Lattice-Boltzmann models for immiscible fluids

The numerical simulation of multiphase flows in porous media based on the spatial and temporal discretization of the Fourier-Navier-Stokes equations has proven to be quite difficult and uncertain in the future. Indeed, in addition to the geometric complexity of the porous structure, the triple contact line between the phases constitutes a singularity that requires, in this approach, the support of models based on lubricating films of questionable validity to understand the phenomena arising from the interaction between the fluids and the porous surface. The same difficulties are encountered when trying to understand the dynamic phenomena due to the rupture, formation, and displacement of the interface between them: coalescence, bubbling of the invading phase within the resident phase, segregation, and nucleation.
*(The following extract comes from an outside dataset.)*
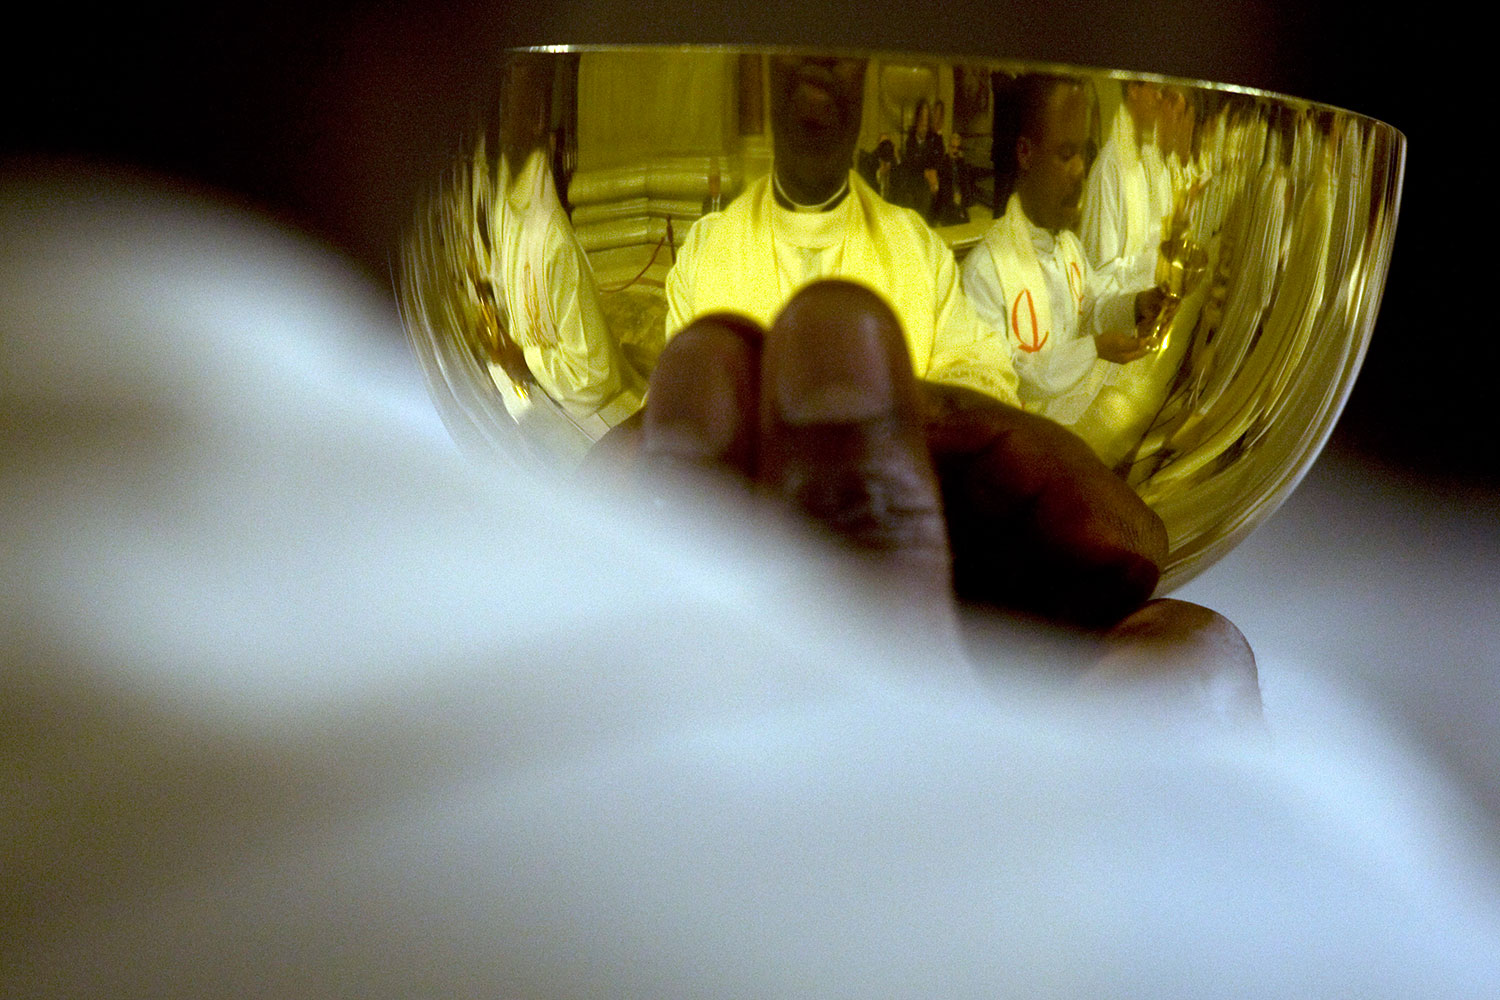 Una media de 74 litros de vino al año consume cada habitante en El Vaticano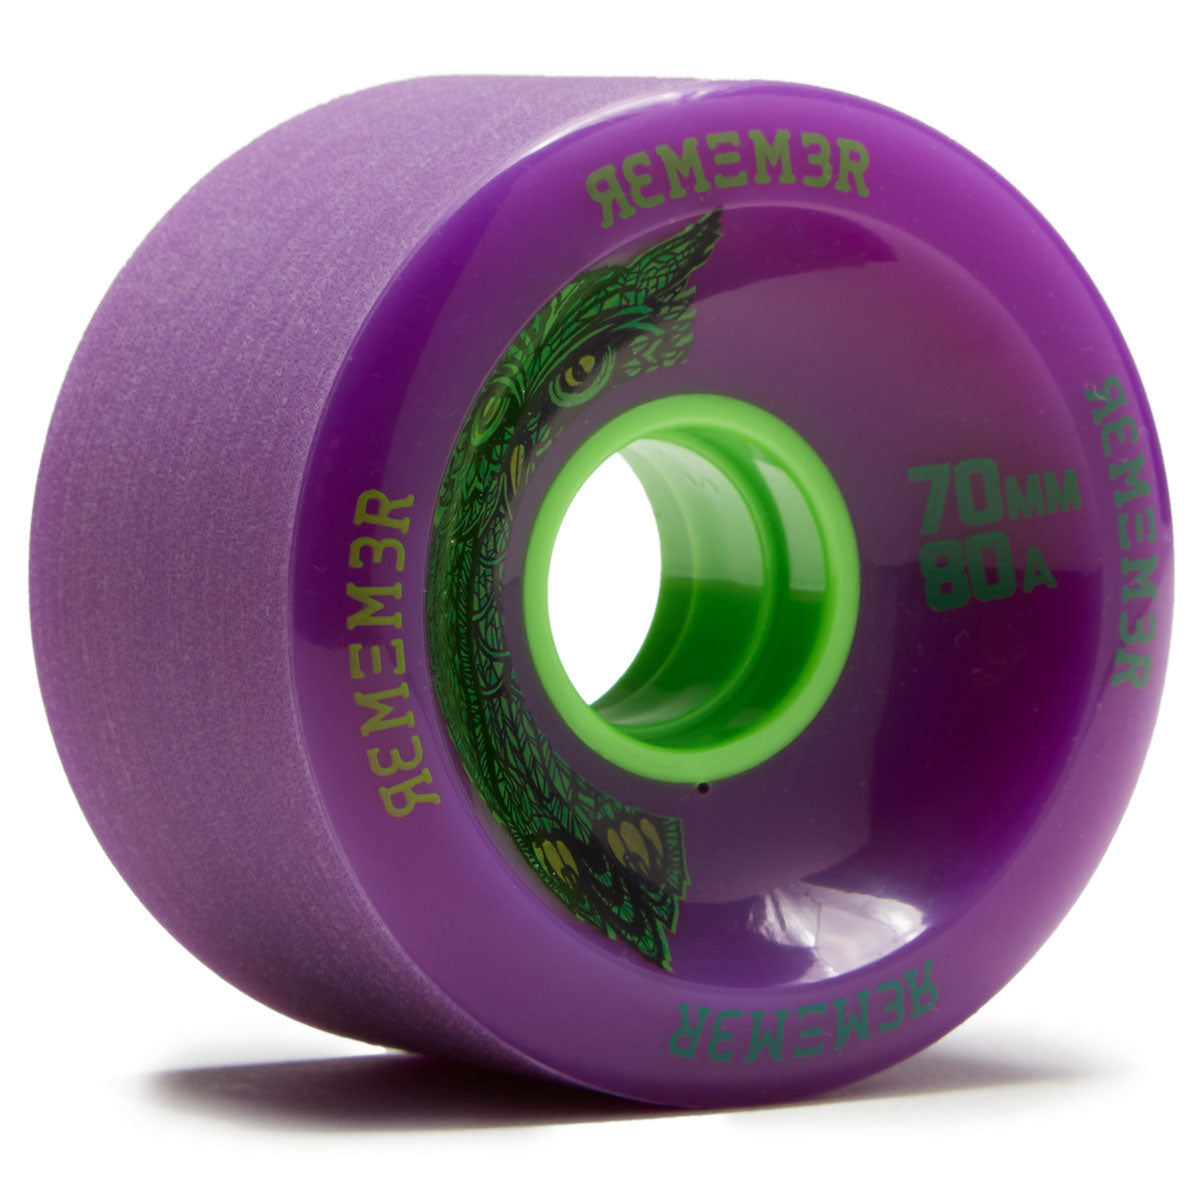 Remember Hoot Slide 80a Longboard Wheels - Purple - 70mm image 1

Lattice Boltzmann models (LBMs) ​​for the study of immiscible flows were proposed in the early 1990s. These lmodels recover the Navier-Stokes equations with third-order errors in the macroscopic velocity and, for low Re and Ca flow problems, are quite interesting from a practical point of view given the hyperbolic basis of the computational algorithms, which does not have the drawbacks of simulation, e.g., by finite volumes of the Navier-Stokes equations, which are elliptic. The recognition of LB models as finite Hermite polynomial expansions of the kinetic equations has made it possible to relate the order of approximation of the LB equation to the set of velocities in discrete space and to separate the discretization problem from the problem of constructing the kinetic model. Indeed, the aim is to understand the influence of the underlying molecular physics on macroscopic phenomena that are apparent at the pore scale, and this requires fairly detailed models. The purpose of this work is to present the state of the art of kinetic-based models for the study of immiscible flows that take the phenomena related to the interface formation and dynamics into account. Particular attention will be paid to the phenomena of coalescence, segregation, and phase transition, as well as to detailed liquid-solid interaction models for the study of wettability.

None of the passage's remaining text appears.